Lang presents his research during the poster sessions of the 2025 Annual Partner Event in Goondiwindi

One Basin CRC has facilitated introductions and on-site visits to Lower Murray Water and other water utilities, so that Lang can align his models with their systems and operational strategies. He will also be undertaking an internship with SA Water. Ultimately, he believes, being able to undertake research in a regional area is critical to delivering a product that will prove practical to its intended users.

“Water utility managers still tend to rely on human expertise for scheduling pump operations, instead of using automated methods,” says Lang. “Collaborating with industry stakeholders will not only focus my research on real-world challenges, but will make my models relevant and applicable for actual water distribution systems.”

 For me, studying and working in a regional hub provides more benefits than staying in an urban university. Regional hubs offer more opportunities to build connections with industry professionals, allowing for on-site visits and a deeper understanding of the challenges they face.

Lang Zheng 

To learn more about Lang’s research, visit the project page.

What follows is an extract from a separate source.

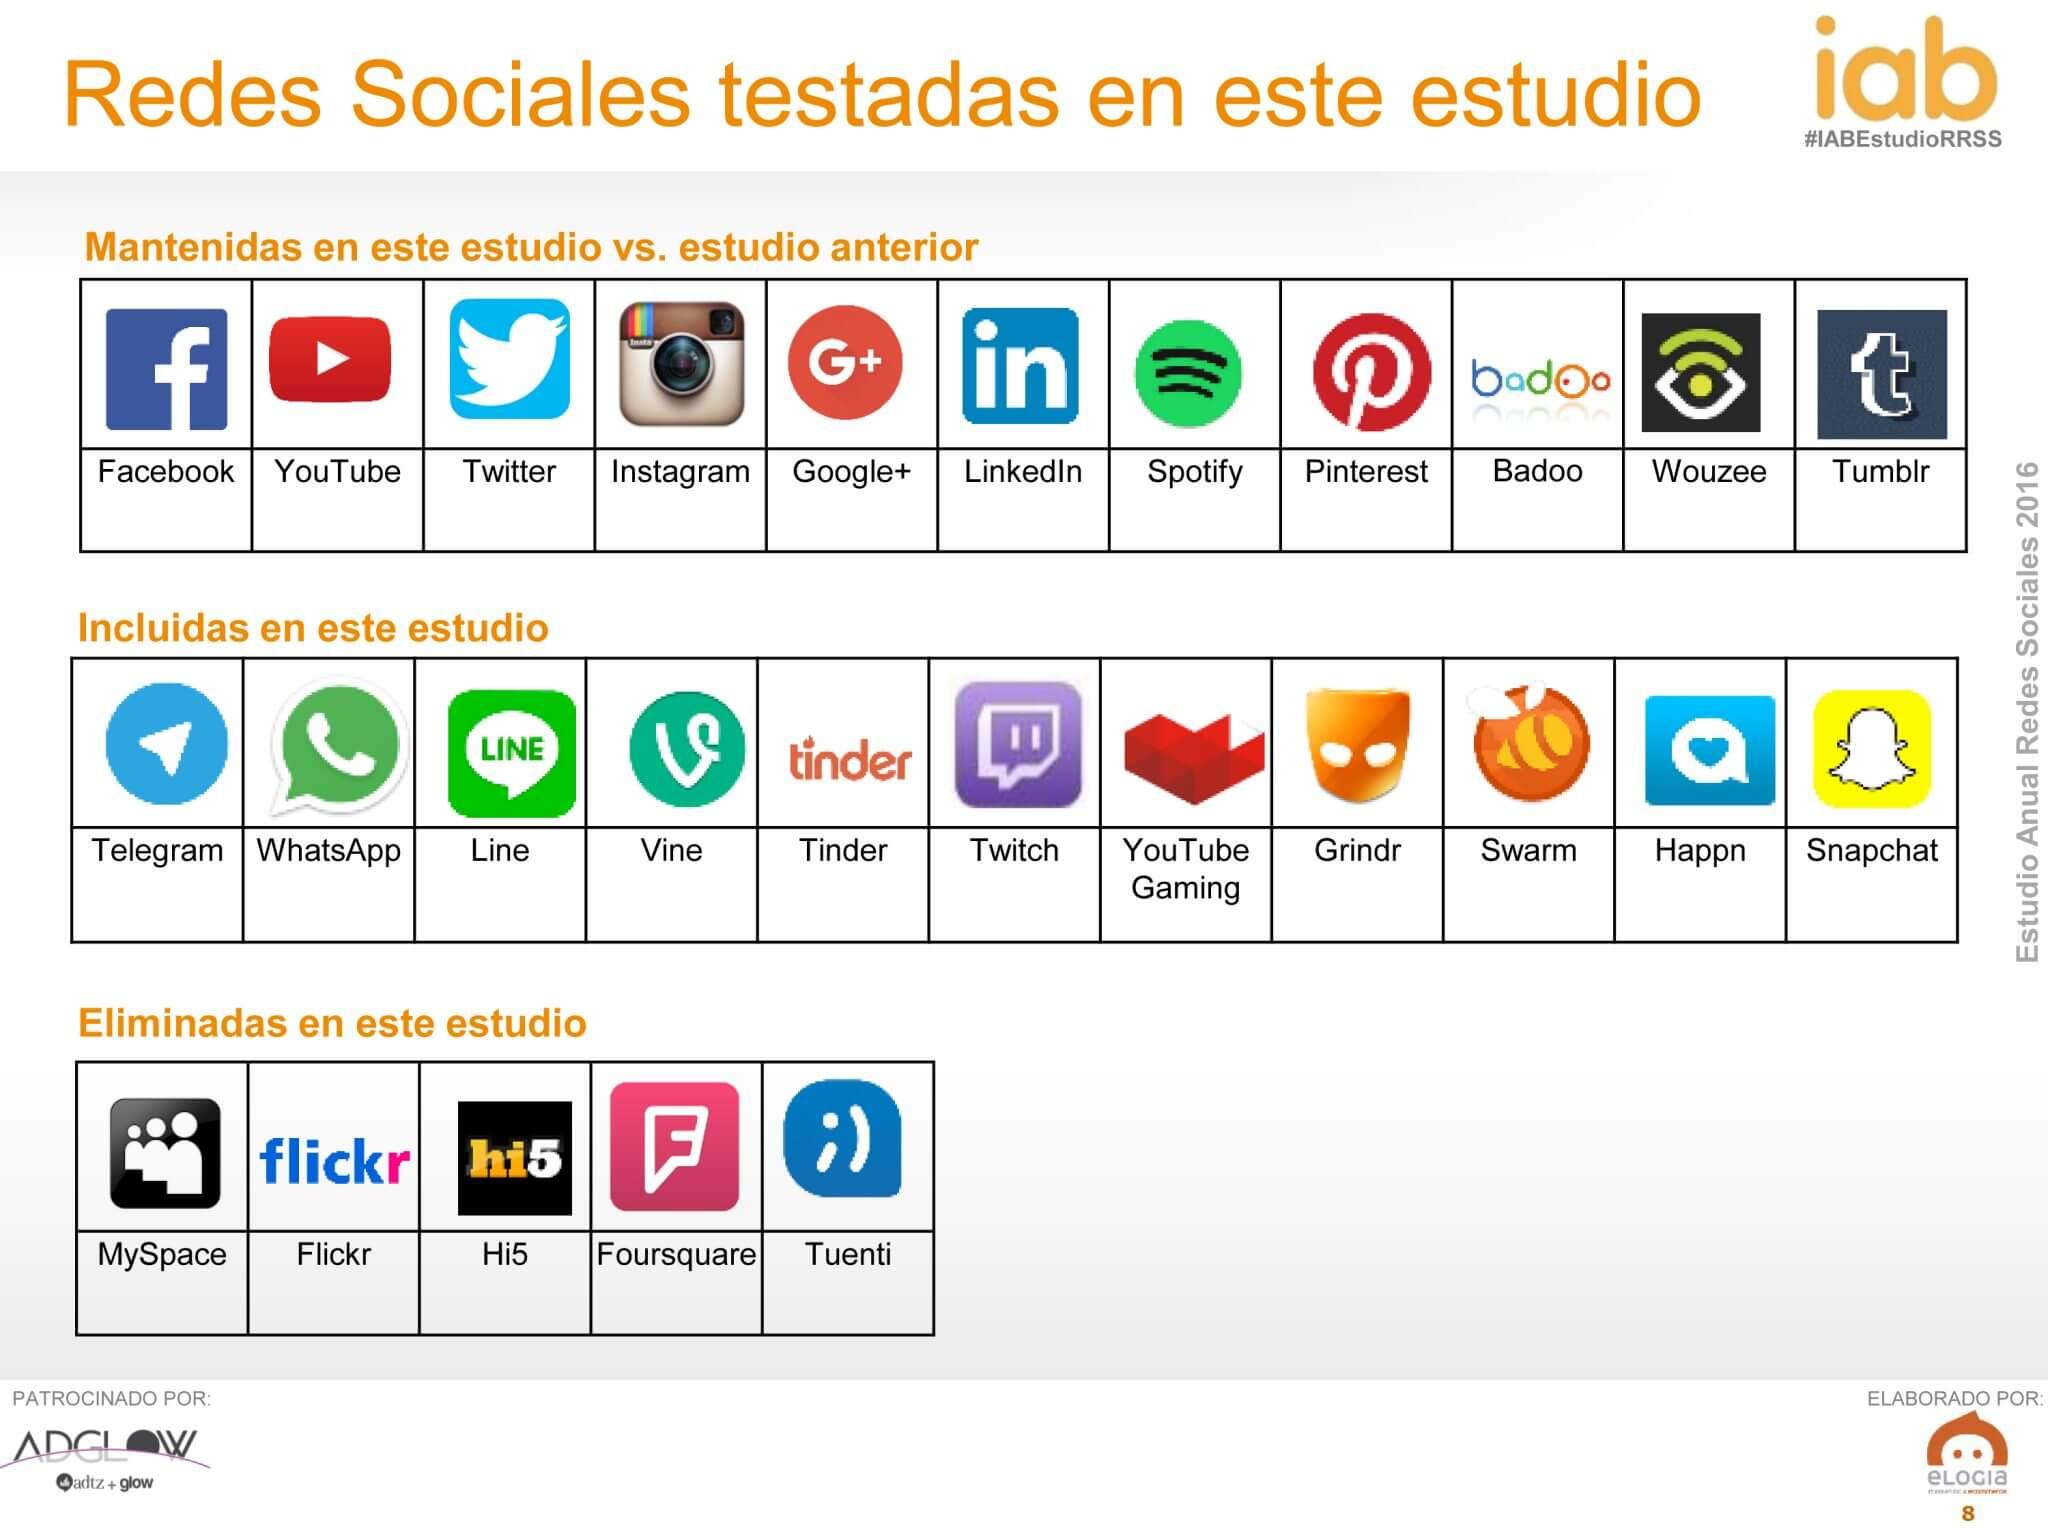 Facebook y Twitter, líderes del Social Media en España.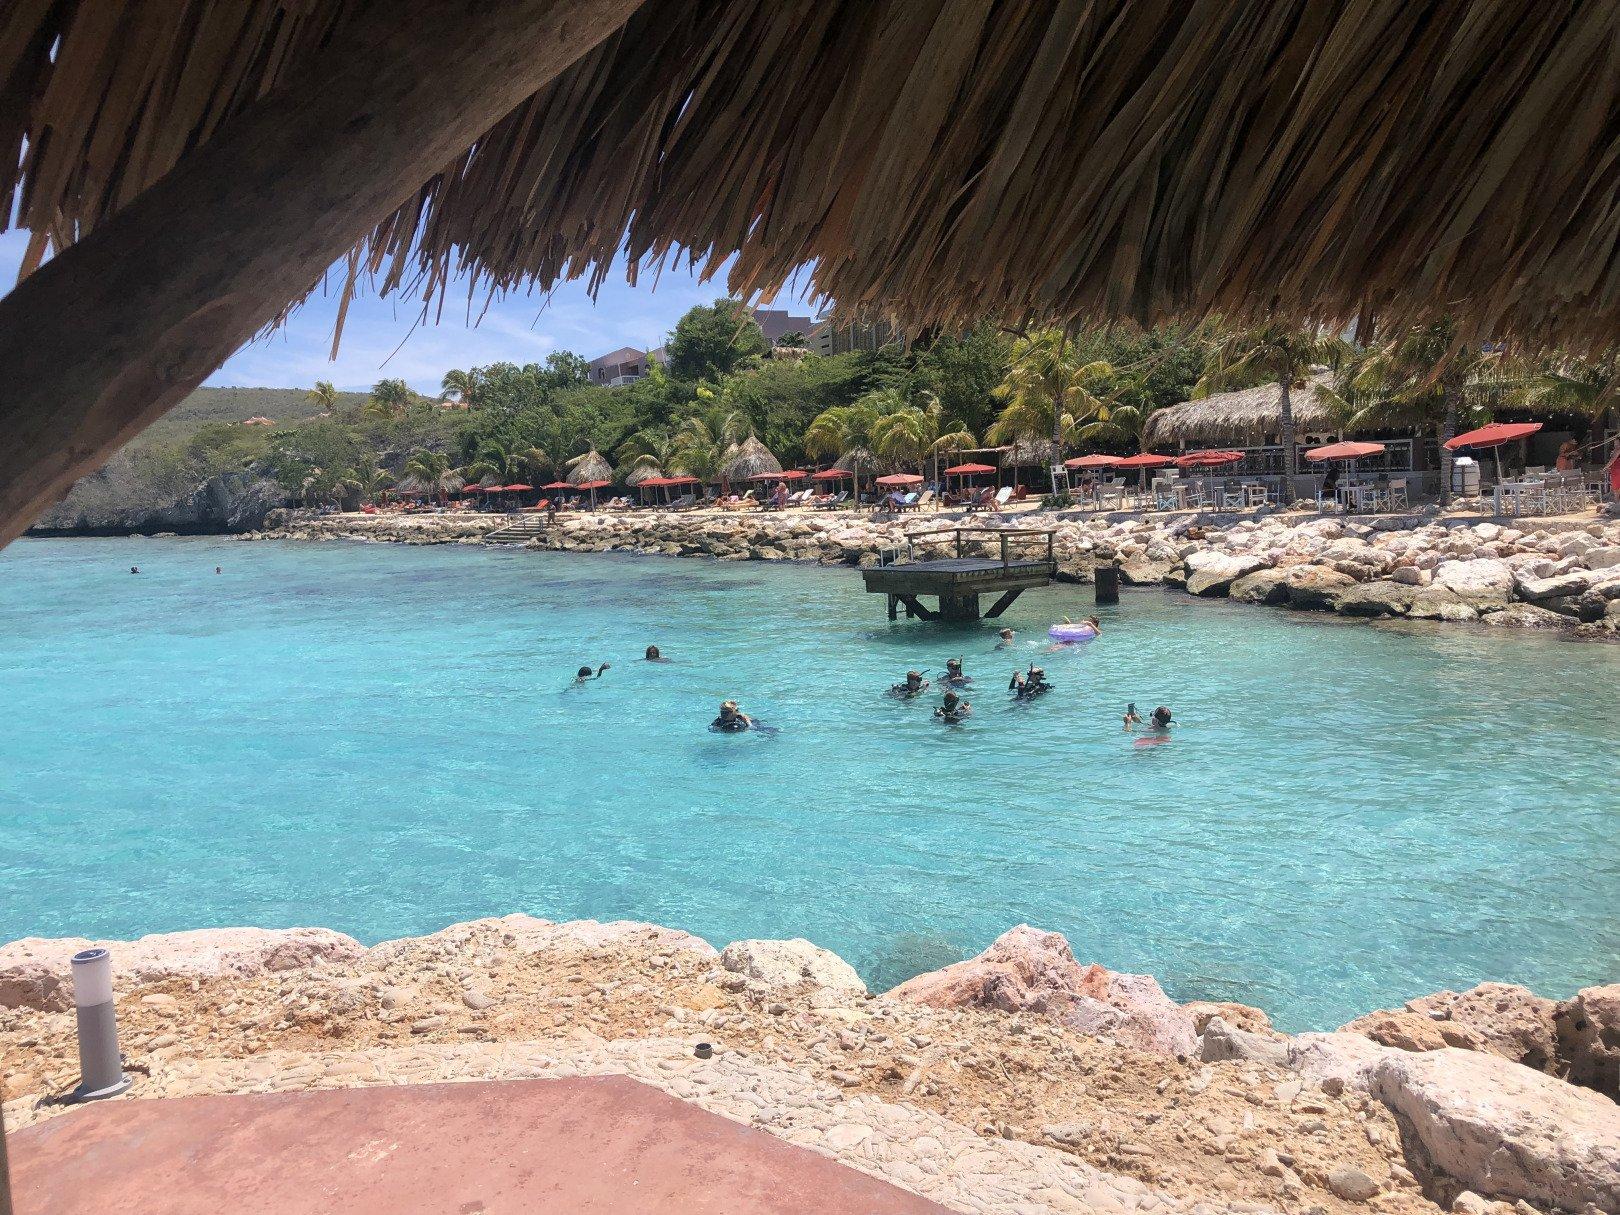 Karaktervanuitzee - Curacao: de 9 leukste plekjes om een drankje te drinken op het eiland

Camaria Holder: a conversation for everyone

Watching communities around Australia struggle with increasing droughts, floods, fires and heatwaves only makes Camaria Holder more convinced that her chosen PhD topic is the right one. Camaria’s study aims to design better ‘participatory processes’ to help local people consider the likely impacts of climate change on their lives, as they bring their personal priorities and values to what’s likely to become the most urgent conversation of their lifetime.

Exploring the social side of water resources management has been a natural progression for this passionate Antiguan, who’s worked on community-led adaptation projects in the Eastern Caribbean, as well as a “pivotal” project to develop a series of water treatment plants for communities outside Port-au-Prince. “It involved my first ever focus groups, seated with villagers sampling cups of water and discussing what tasted like life,” says Camaria. “I left Haiti with a desire to better understand people and context in my future projects – and some years later it led me here.”

Camaria in action during the 2024 Annual Partner Event in Mildura

Now she’s learning alongside social scientists at ANU who’ve joined forces under One Basin’s umbrella with modellers and engineers from the Universities of Melbourne and Adelaide to develop a series of tools to analyse long-term climate scenarios and ‘stress test’ water use practices. Camaria plans to contribute to one of the project’s four case studies, in the Goulburn-Broken catchment – where stream-flows are among the most precarious in the basin – and the overall project will contribute to a 10-year regional waterway strategy being developed by the farsighted local Catchment Management Authority.

“I’m really happy to be getting in on the ground floor, and hopefully helping influence a small part of this process,” says Camaria. “My interest is in looking at how project facilitators can get buy-in from diverse groups of people who place different values on water – and have different ideas about its management – but must all have a voice if there’s going to be genuinely inclusive planning.”

I believe that finding ways to collaborate and establish cross-sectoral understanding is essential for designing sustainable adaptation interventions. I think we’re often unaware of the bubbles we inhabit, or sometimes we’re way too comfortable with our own worldview – but being able to understand and then leverage the plurality of perspectives that naturally inhabit the world will only benefit us as we plan for the next decade and beyond.